Laryngeal squamous cell carcinoma (LSCC) is a common malignancy in the upper aerodigestive tract, strongly associated with smoking and alcohol consumption. It is already well known that tumors development and progression depend on immune evasion. PD-1/PD-L1 pathway is a primary mechanisms of immune evasion. The PDCD1 gene encodes PD-1 and is a polymorphic gene.

His study aims to evaluate the influences of the PD1.1 (c. -606G>A), PD1 (c.627+252C>T), PD1.5 (c.804C>T) and PD1.9 (c.644C>T) single variants (SNVs) in PDCD1 gene influence the risk, clinicopathological aspects and survival of LSCC patients.

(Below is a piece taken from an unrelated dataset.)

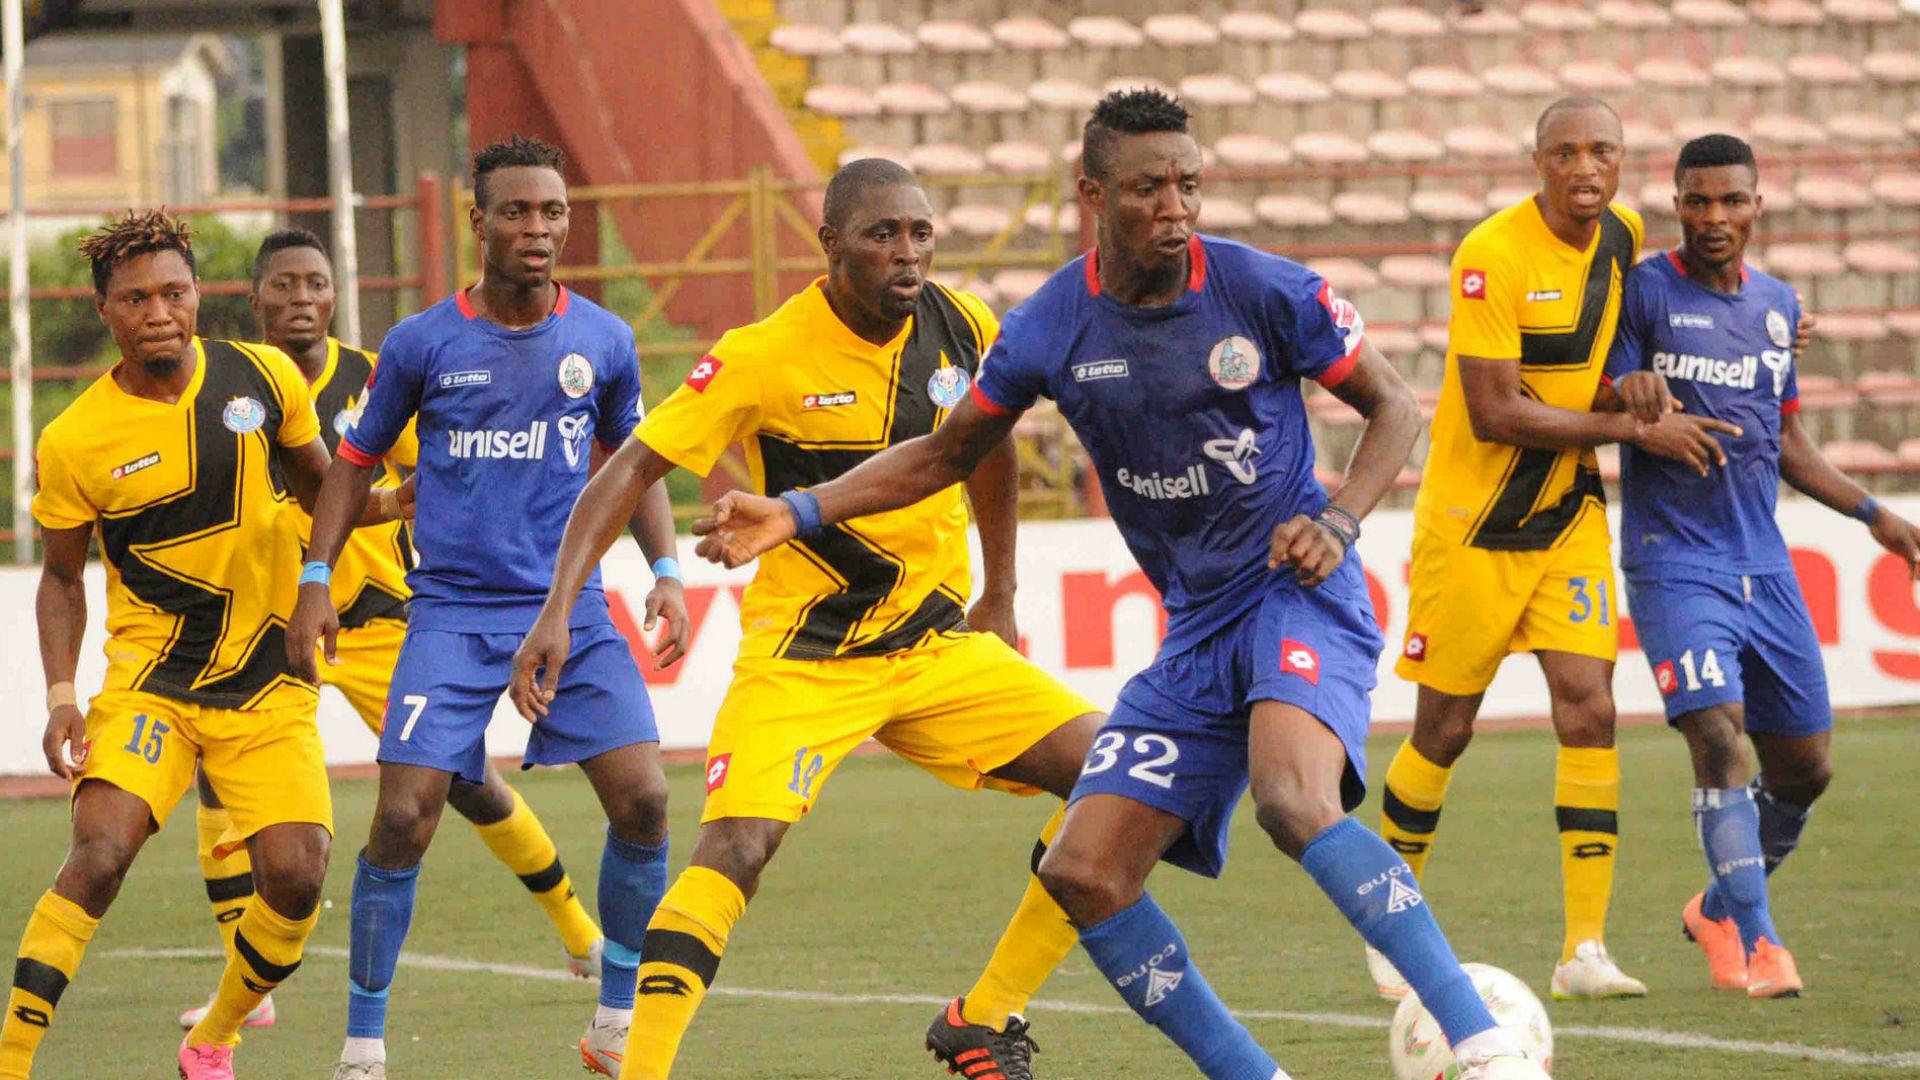 NPFL: Warri Wolves, Akwa Starlets, Jigawa Stars, Adamawa United gain promotion

This is a retrospective observational study including 284 patients with LSCC and 296 healthy controls (blood donors) seen at the General Hospital of University of Campinas. Clinical and pathological data were collected from the medical records by the main researcher. Genotypes of PDCD1 variants were identified using real-time PCR with TaqMan® probes. Statistical analyses included chi-square tests and logistic regression for LSCC risk assessment. Bonferroni analysis was used in comparison of multiple variables. Kaplan-Meier curves, log-rank test and univariate and multiple Cox regression were used to evaluate the impact of clinicopathological aspects and genotypes of SNVs on overall survival (OS) and event-free survival (EFS).

Similar frequencies of isolated and combined SNV genotypes were seen patients and controls. The frequencies of combined genotypes of SNVs, GA or AA + CT or TT of PD1.1 + PD1.5 and CT or TT + CT or TT of PD1.5 and PD1.9, were more common in patients with glottic tumor than in patients with tumors in other locations. The CC genotype of PD1 SNV and the CC + CC combined genotype of PD1.5+PD1 SNVs were more common in patients with tumors at stage III or IV than in patients with tumors at stage I or II. In multivariate Cox analysis, patients with BMI≤ 24.9 kg/m², ECOG ≥ 1, tumors at stage III/IV, and not submitted to surgical tumor resection had 1.81 (95%CI: 1,25-2,62%), 1.60 (95%CI: 1,14-2,24), 1.93 (1,24-3,00), and 1.80 (1,20-2,71) more chances of evolving to death than the remaining patients. In addition, patients with TT genotype of PD1.5 SNV and TT + CC combined genotype of PD1.5 and PD1 SNVs had a 1.59 (95% CI: 1.06-2.41) and a 2.97 (95% CI:1.43-6.18) more chances of evolving to death than others.

Our data indicates: 1) The analyzed SNVs in the PDCD1 gene do not influence LSCC risk, 2) PD1, PD1.5, and PD1.9 affect LSCC location, 3) PD1 and PD1.5 influence LSCC aggressiveness, 4) BMI, ECOG, tumor stage, lack of surgical tumor resection, PD1 and PD1.5 SNVs are independent prognostic factors for OS of LSCC patients. These findings reinforce the importance of studying inherited biomarkers in oncology, which may contribute to risk stratification and personalized therapeutic approaches.

The study was supported by Coordenação de Aperfeiçoamento de Pessoal de Nível Superior (CAPES), Fundação de Apoio ao Ensino e à Pesquisa do Estado de São Paulo (FAPESP #2019/09168-8; #2023/09738-4, and Cancer Theranostics Innovation Center, CancerThera, CEPID FAPESP #2021/10265-8).